## Task to carry out
For the listing that follows, give again exactly the lines from the one with "Deux girafes réticulée" to the one with "Dalbello Kinder CX", including both.

## Supplied entries
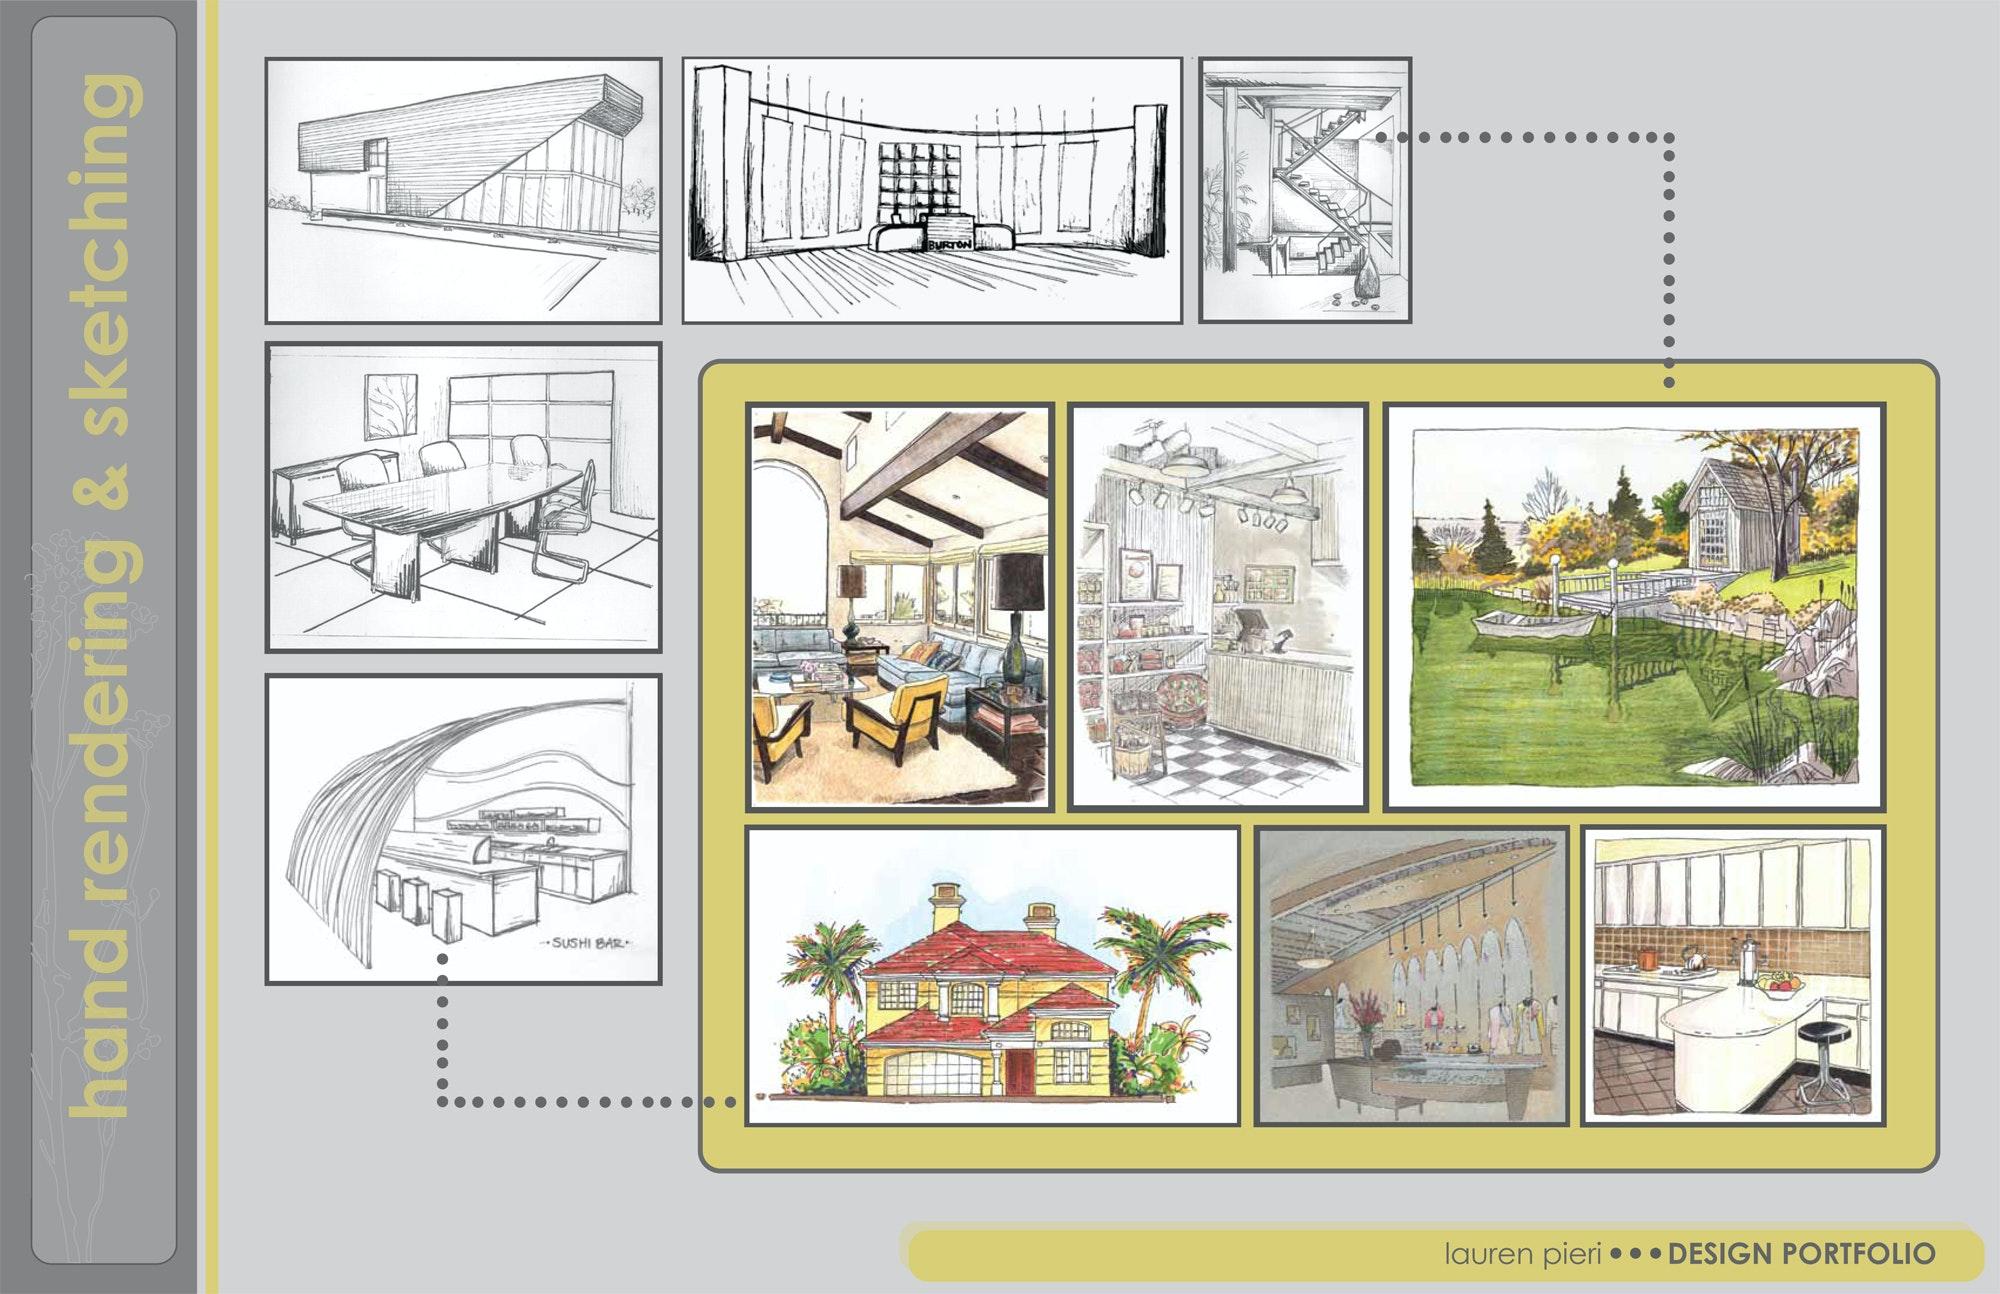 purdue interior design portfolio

* * *

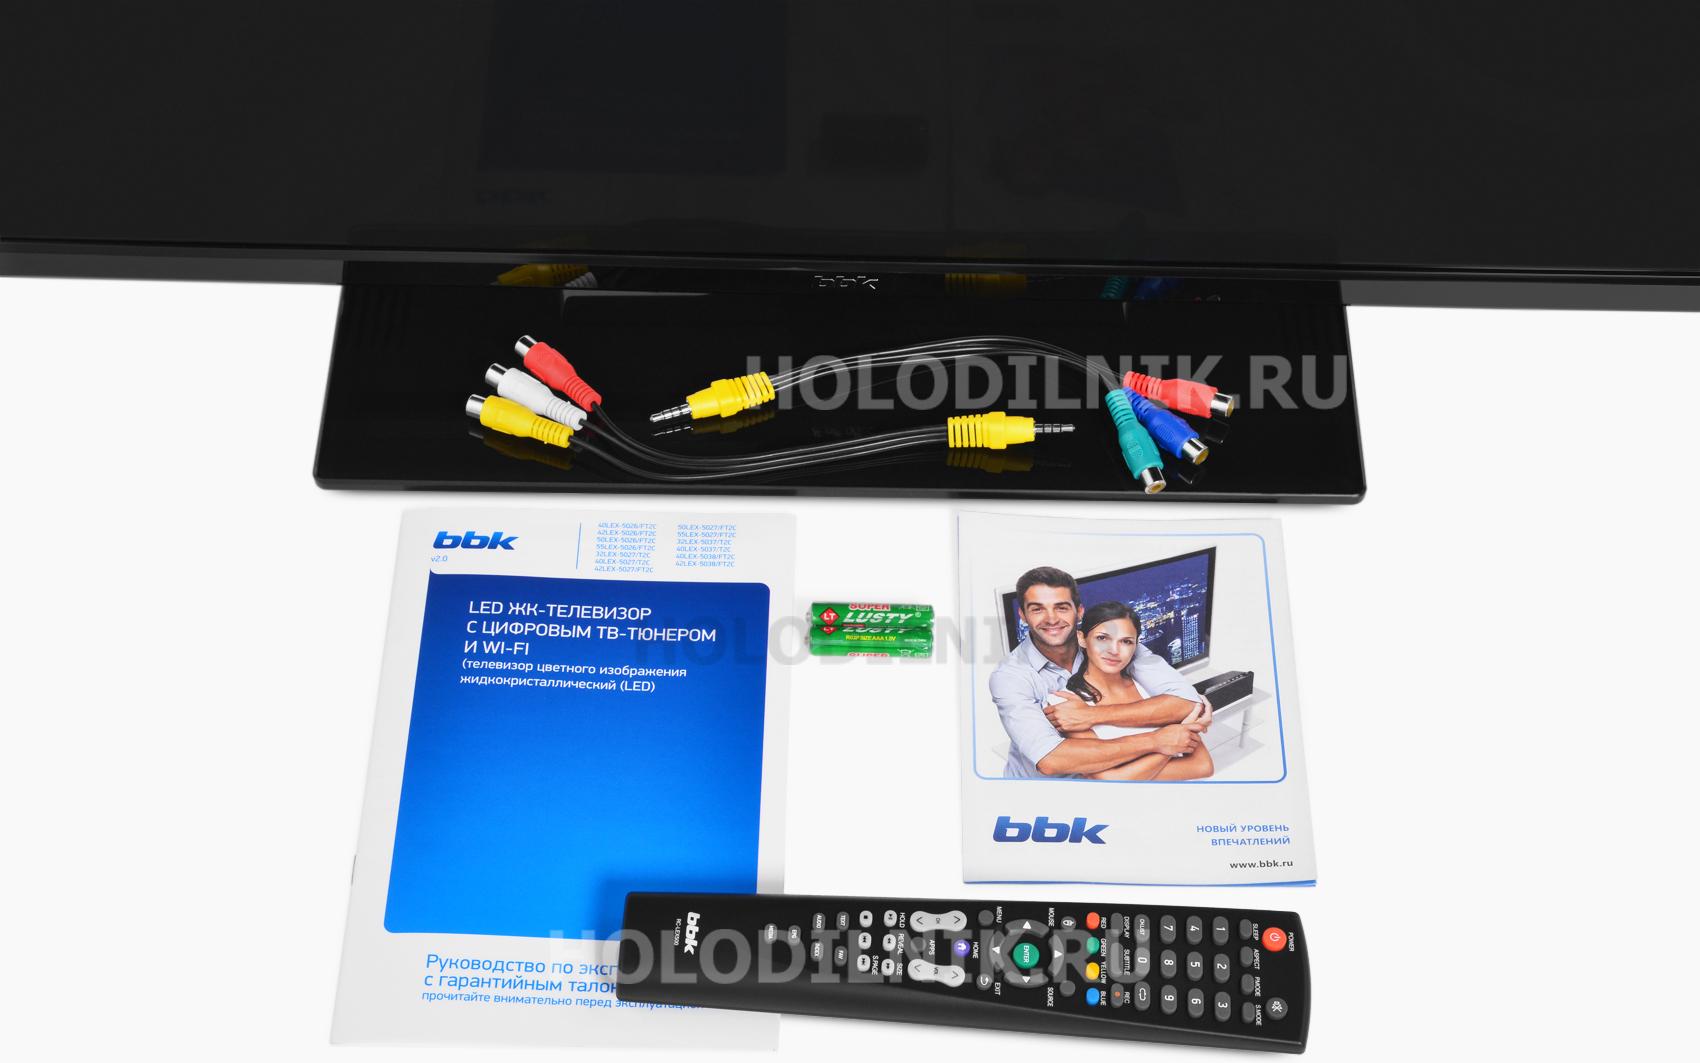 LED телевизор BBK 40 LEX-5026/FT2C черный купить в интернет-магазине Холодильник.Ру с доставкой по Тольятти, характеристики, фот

---

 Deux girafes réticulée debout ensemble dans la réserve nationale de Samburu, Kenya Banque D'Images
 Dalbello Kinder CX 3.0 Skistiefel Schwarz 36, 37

## Reply to the exercise
 Deux girafes réticulée debout ensemble dans la réserve nationale de Samburu, Kenya Banque D'Images
 Dalbello Kinder CX 3.0 Skistiefel Schwarz 36, 37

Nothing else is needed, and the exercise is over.